§ What this task involves:
A faithful, word-for-word copy of the data below is required, without pictures.

§ Source data:
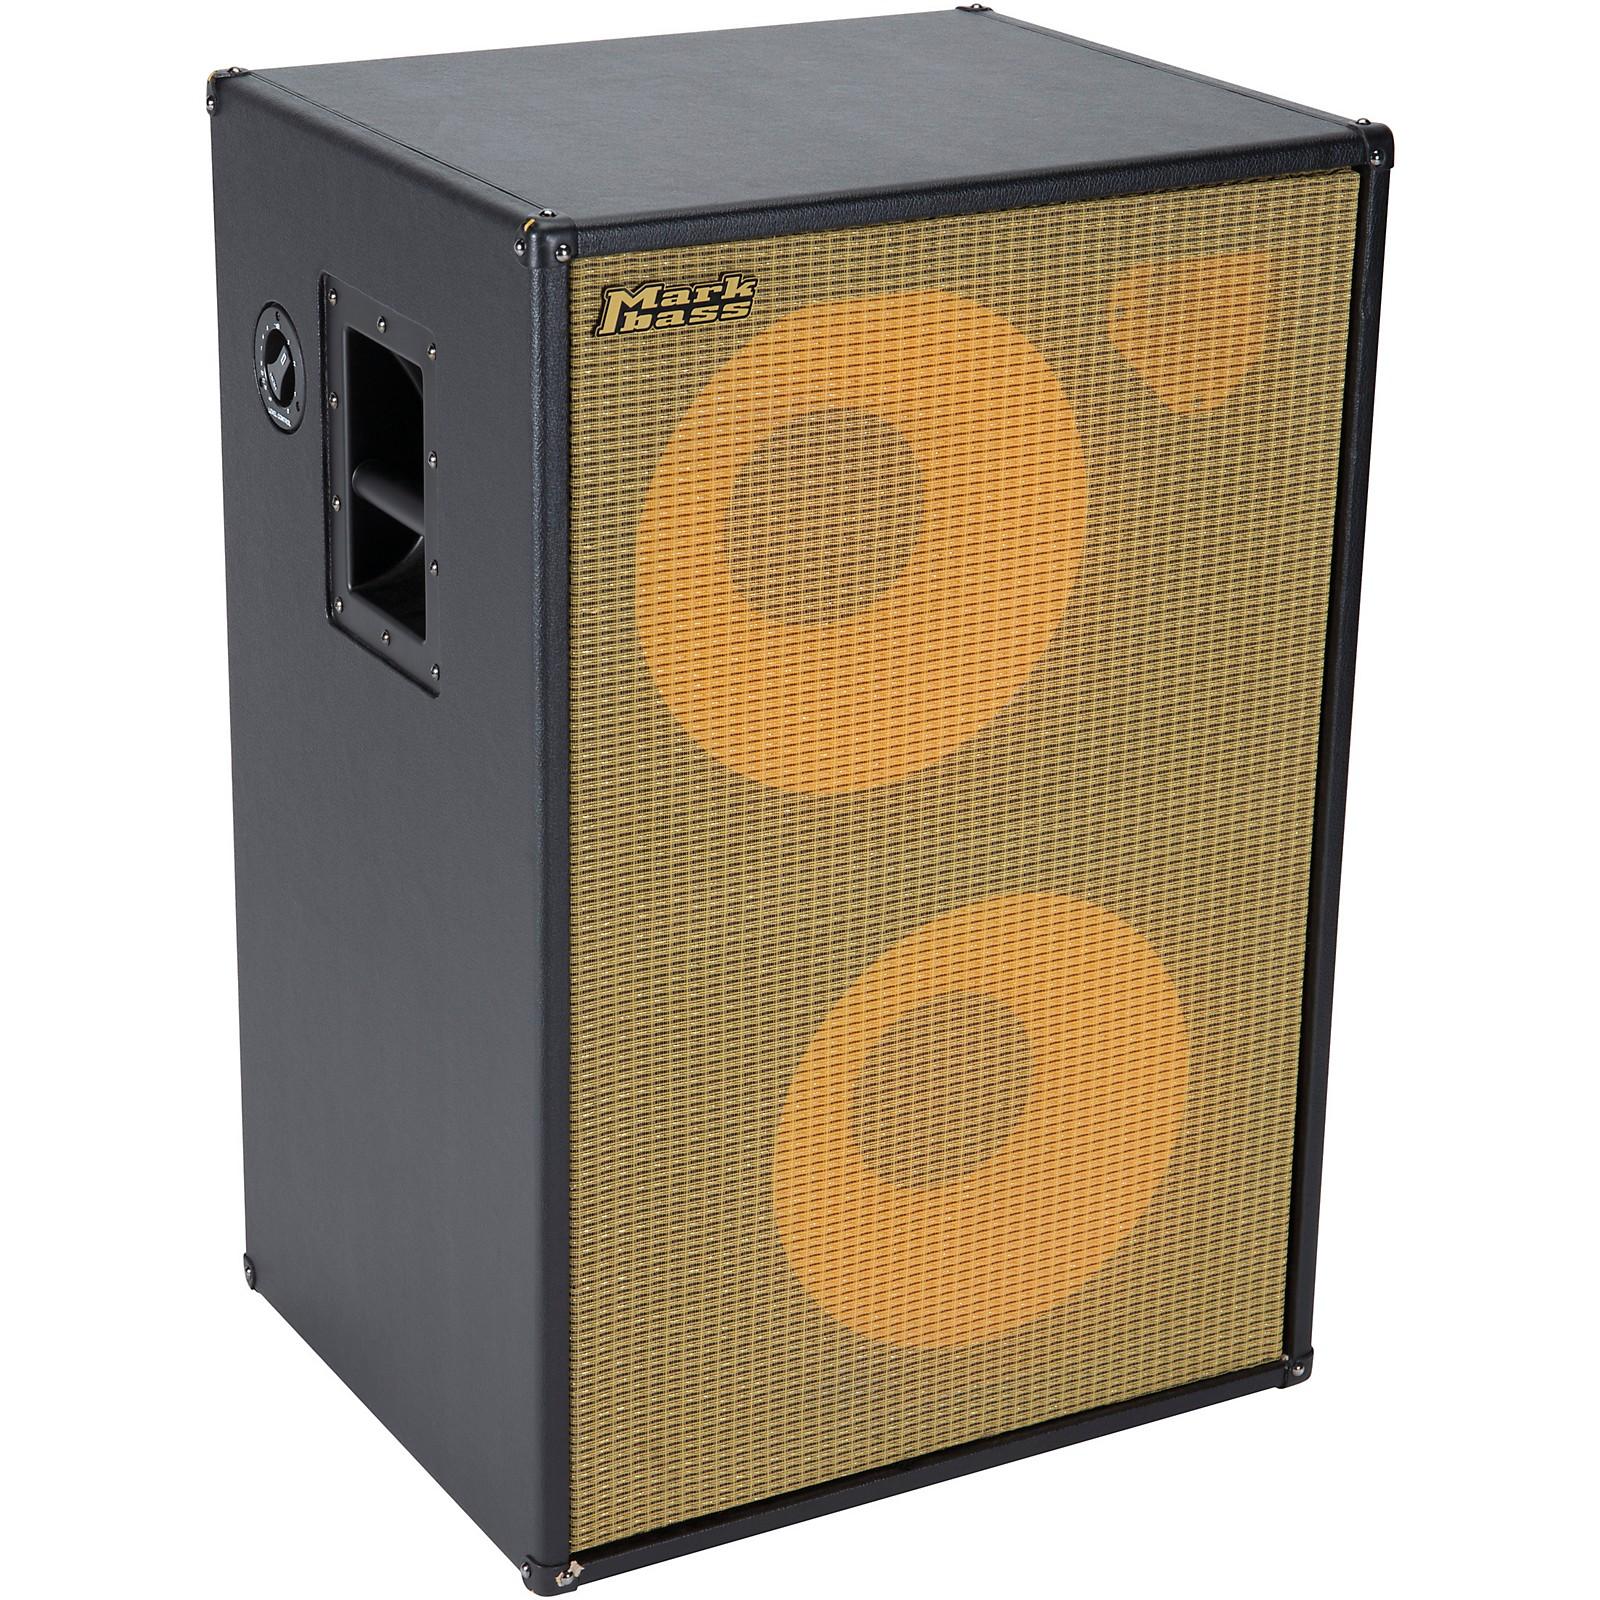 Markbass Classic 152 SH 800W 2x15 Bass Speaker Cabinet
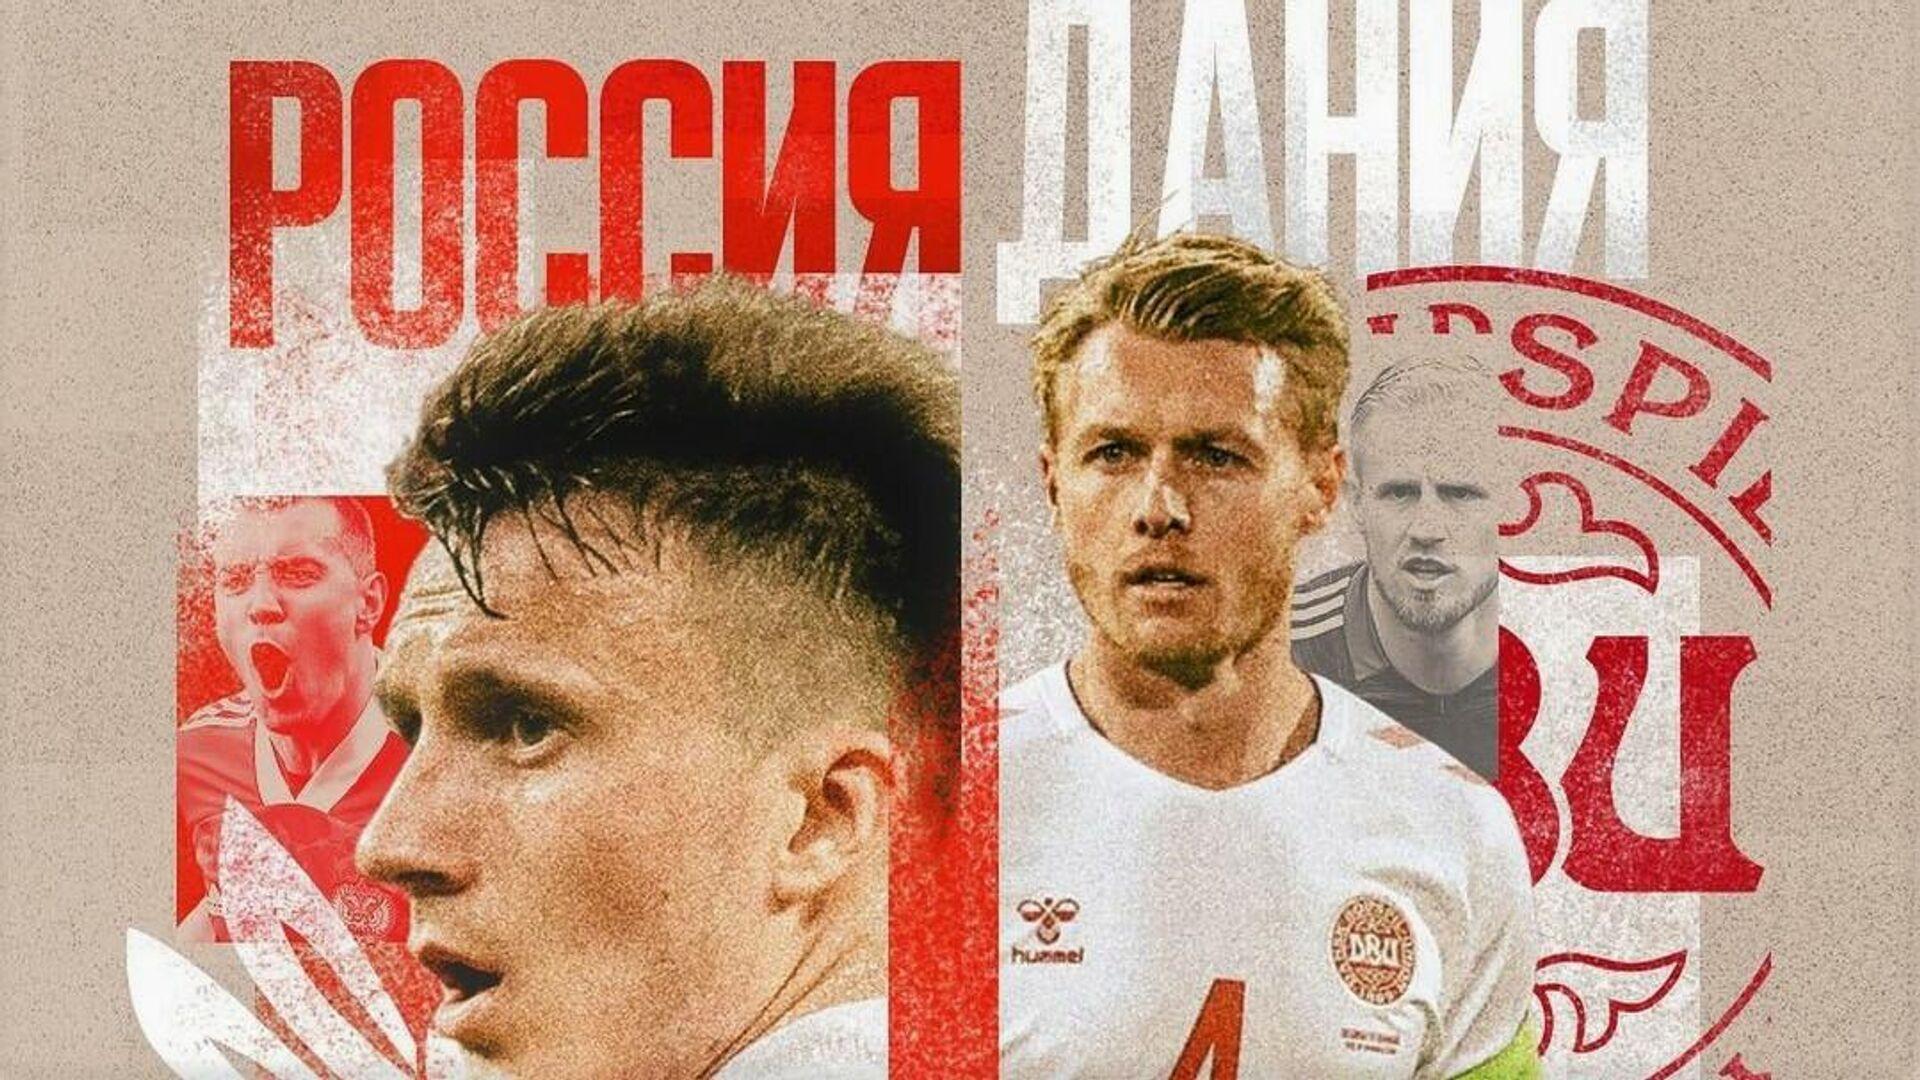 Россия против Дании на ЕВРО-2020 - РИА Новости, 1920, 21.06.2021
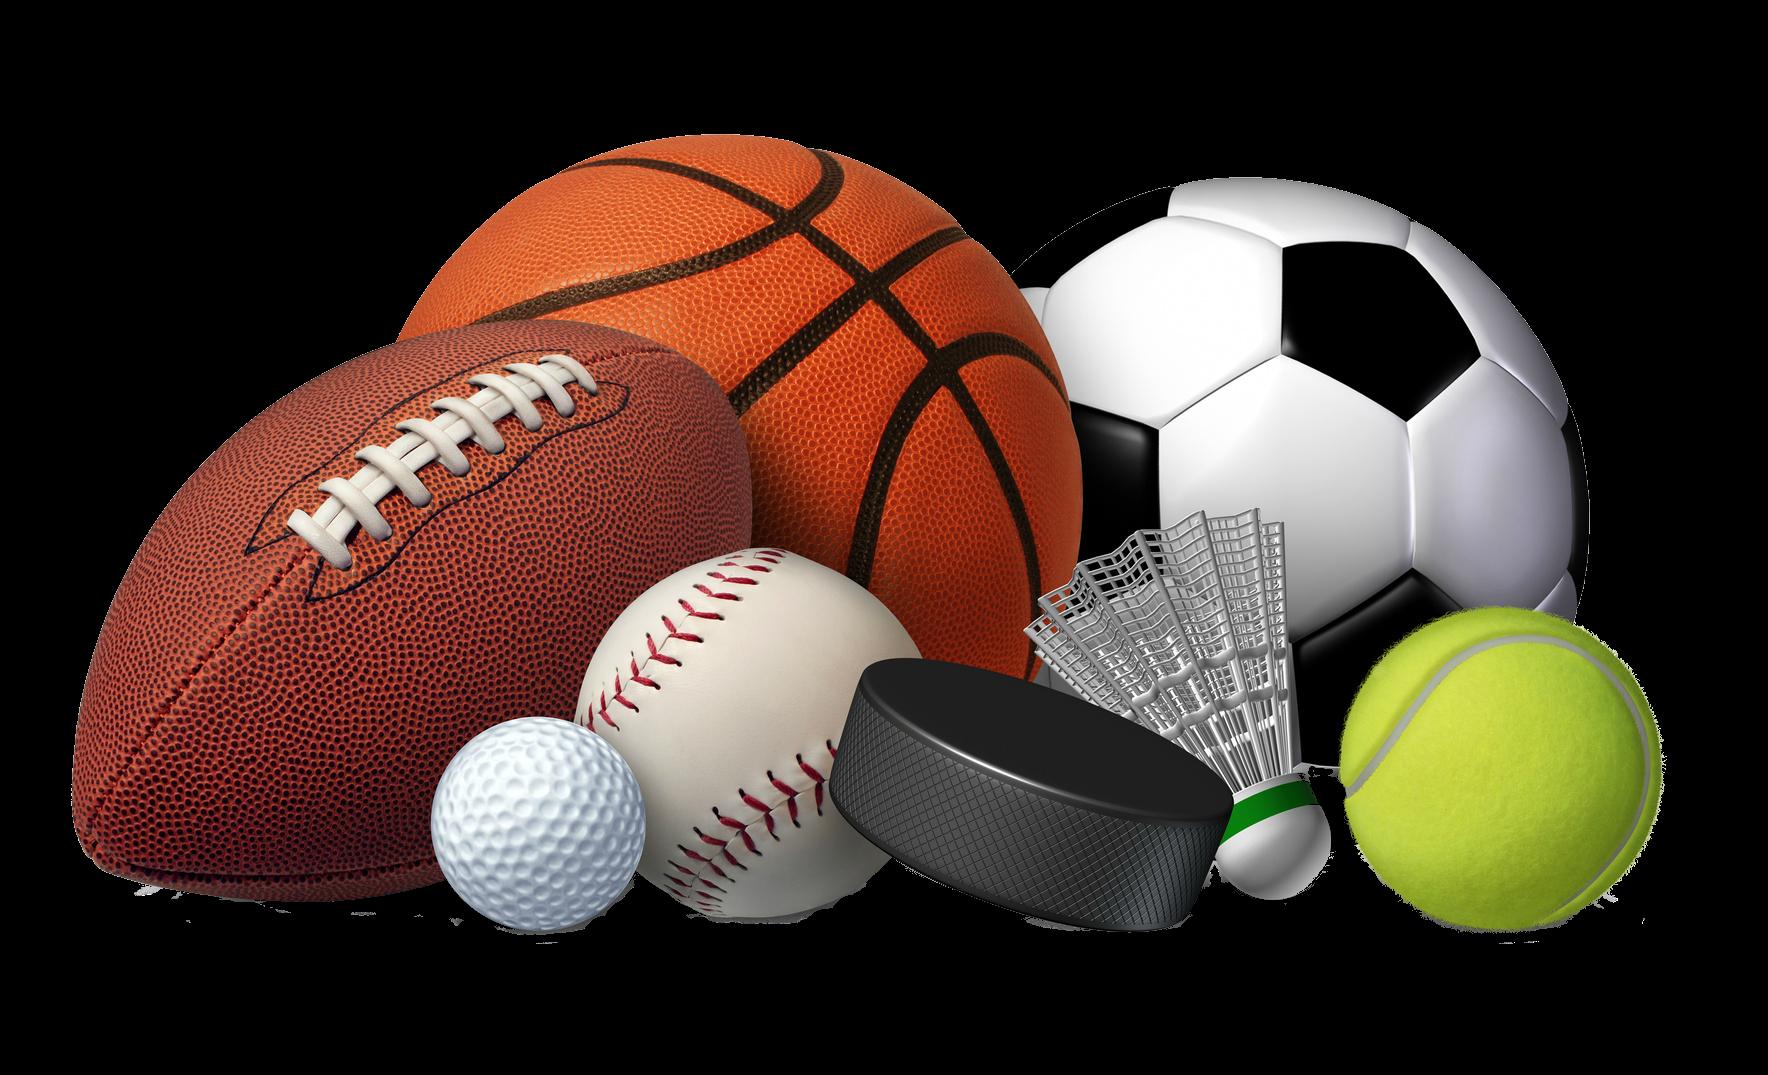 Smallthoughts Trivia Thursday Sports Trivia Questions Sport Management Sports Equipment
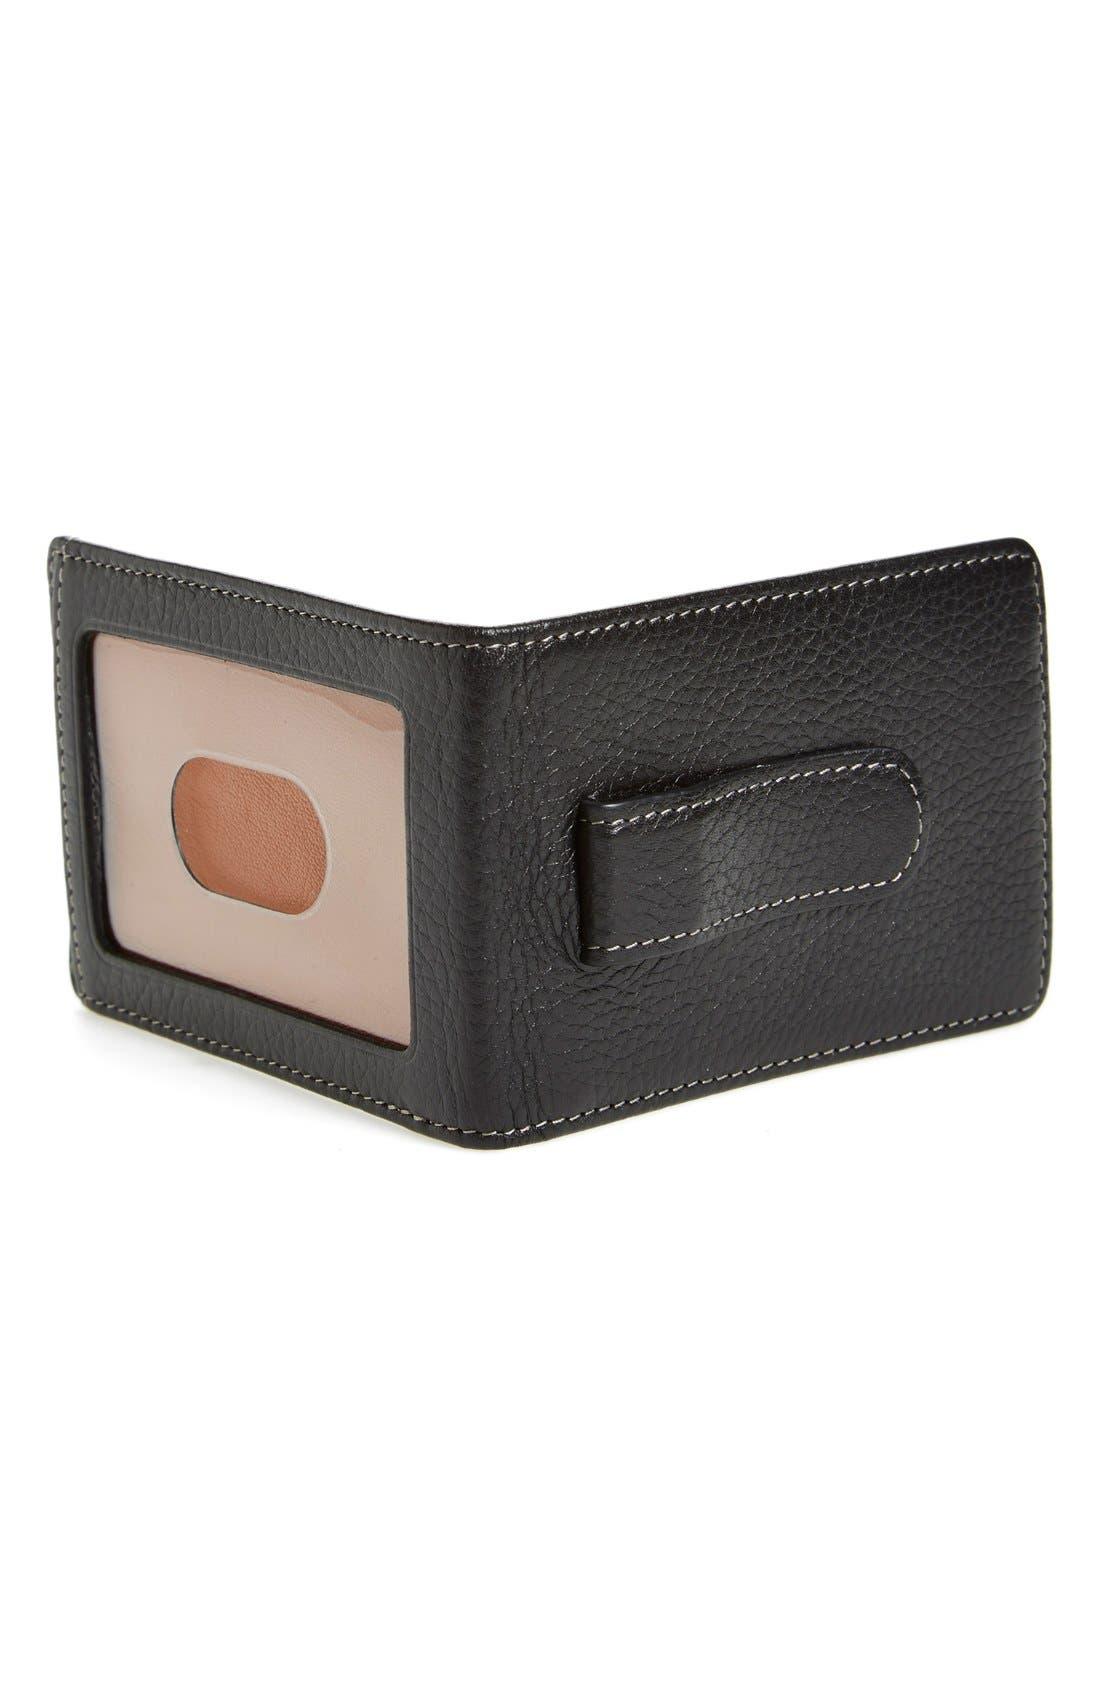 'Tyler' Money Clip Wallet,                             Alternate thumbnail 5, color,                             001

§ Your solution:
 Markbass Classic 152 SH 800W 2x15 Bass Speaker Cabinet
 Россия против Дании на ЕВРО-2020 - РИА Новости, 1920, 21.06.2021
 Smallthoughts Trivia Thursday Sports Trivia Questions Sport Management Sports Equipment
 'Tyler' Money Clip Wallet,                             Alternate thumbnail 5, color,                             001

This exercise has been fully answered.